So.. what are the implications of this (besides a possibly confused user of
the library)? Is it any different from what (most likely) will happen if you
try to compile the following code?
struct nothing {};
int main()
{
// a compilation error inside of std::adjacent_find!
std::unique(nothing(), nothing());
}
BTW, concept checking may provide a (partial?) answer to this issue.
>
> Anyway, another technique we ought to consider is that of
> /embracing/ overload resolution instead of avoiding it. Since
> some functions can only be called without qualification (see
> the Barton & Nackmann technique used by the operators library),
> it might be better to use a special tag type to indicate which
> library's semantics are intended:
>
> template <class S>
> typename boost::sequence_traits<S>::iterator begin(S const&,
> boost::tag);
>
> So instead of boost::begin(s) we're going to call begin(s,
> boost::tag())
>
> Of course, if you try to make that more convenient by adding:
>
> namespace boost {
> template <class S>
> typename boost::sequence_traits<S>::iterator begin(S const& s)
> {
> return begin(s, boost::tag);
> }
> }
This is _very_ interesting, Dave! I've read your proposal before, but didn't
have time to really thought about it. Now, when I did spend some time on it,
I can say that I find it quite appealing.

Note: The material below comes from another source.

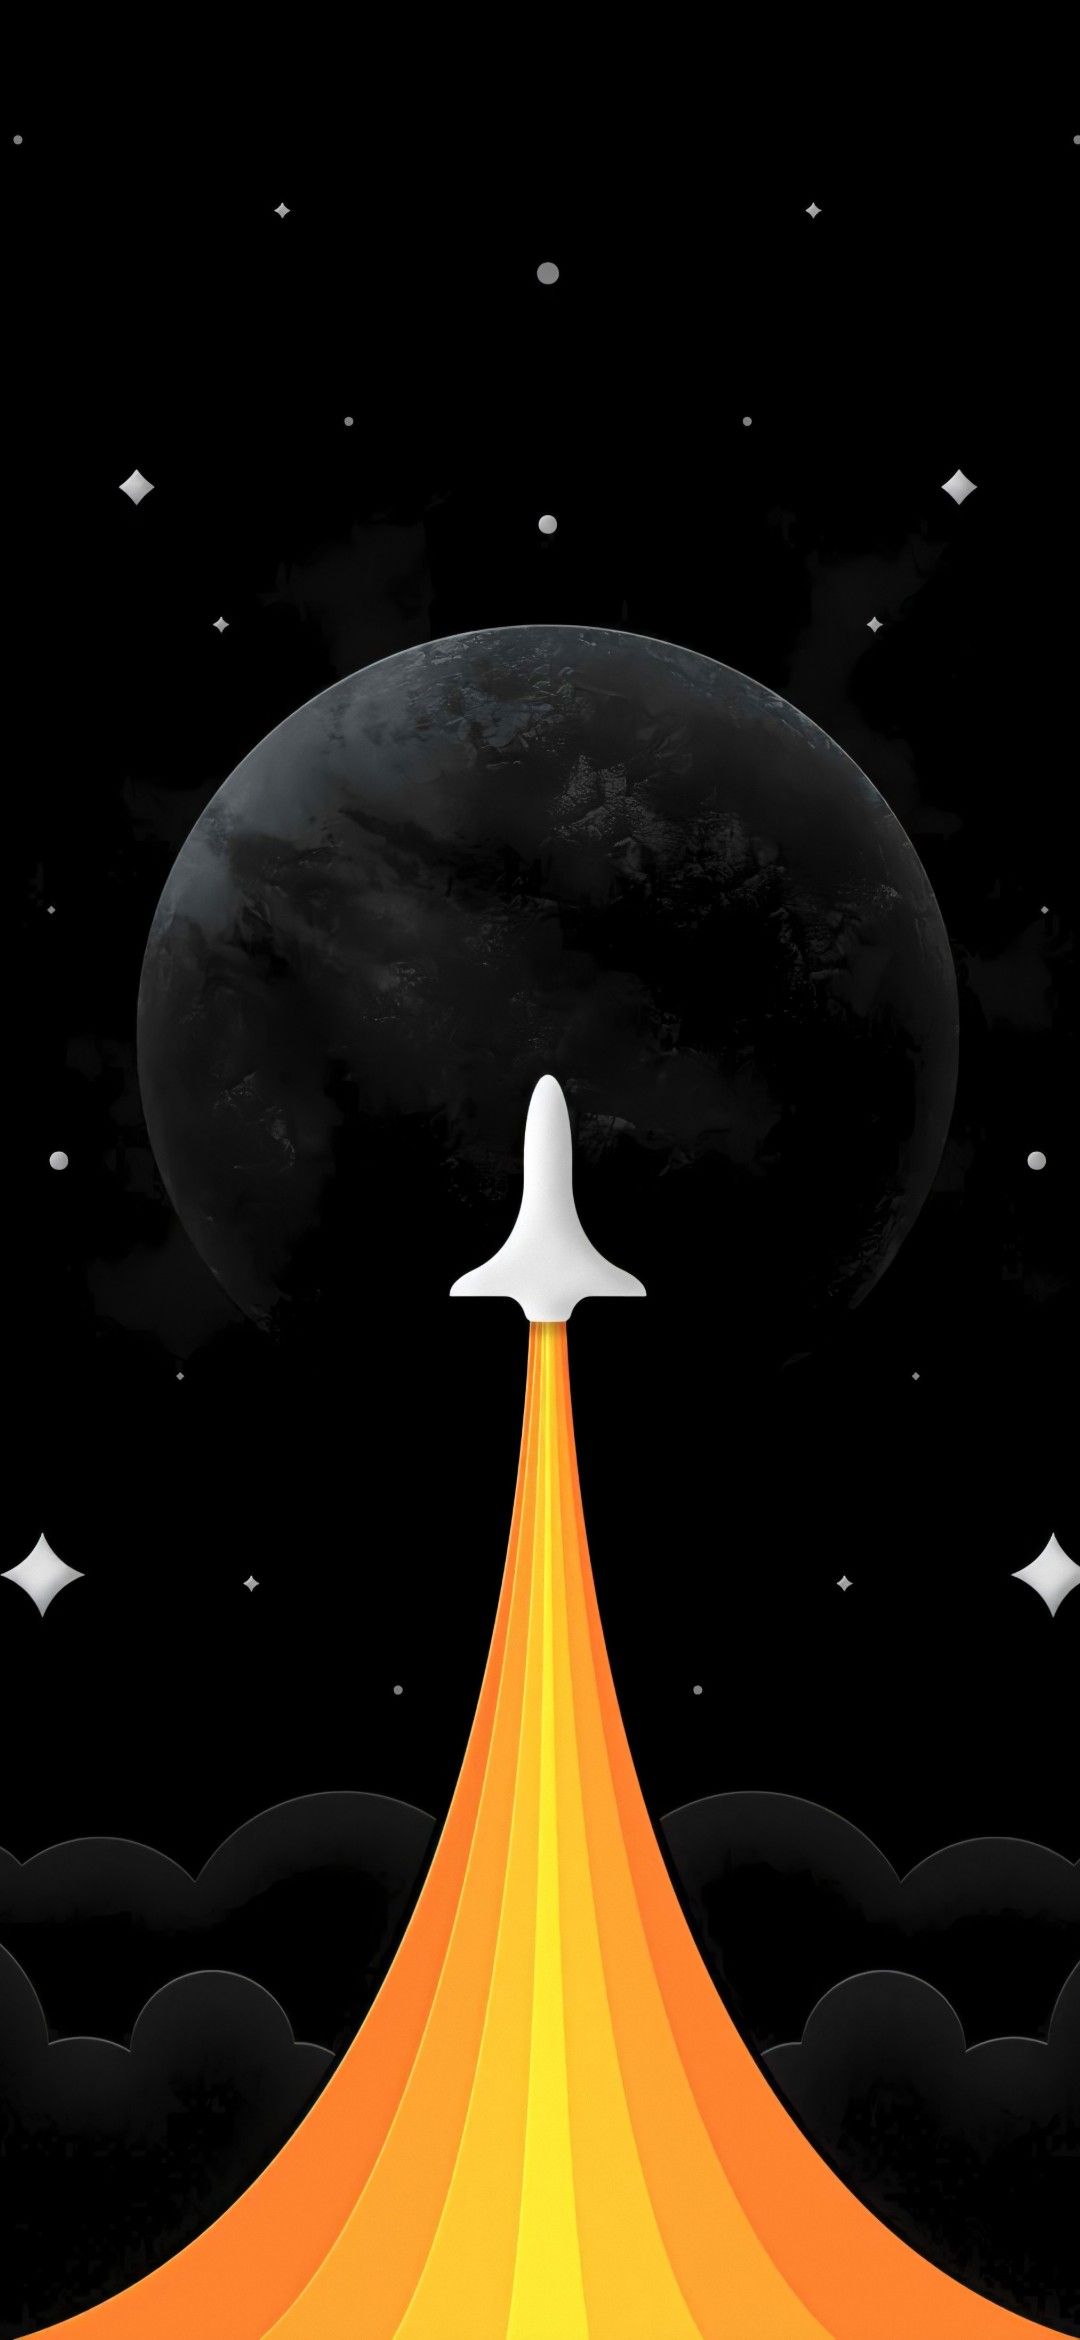 Best iPhone Space Rocket Minimal Wallpaper Download Free ⋆ Traxzee

A few minor problems that I see:
1) Library author(s) should always remember to use unqualified names for
dispatching functions (begin(s, boost::tag)), and qualified names for
top-level interface functions (boost::begin(s)) when they are used
internally by the library itself. Given that (at least without proper tests)
failure to do so won't result in an immediate compile-time error, chances
are that this could become a common source of subtle bugs. Also, if both
forms are "co-located", the "inconsistency" can be confusing,
template<class Sequence>
inline
bool empty(Sequence& seq, boost::tag_t)
{
return boost::begin(seq) == boost::end(seq); // ok
}
template<class Sequence>
inline
bool empty(Sequence& seq)
{
return empty(seq, boost::tag); // ???
}
and there is a possibility that one day someone would "fix" it.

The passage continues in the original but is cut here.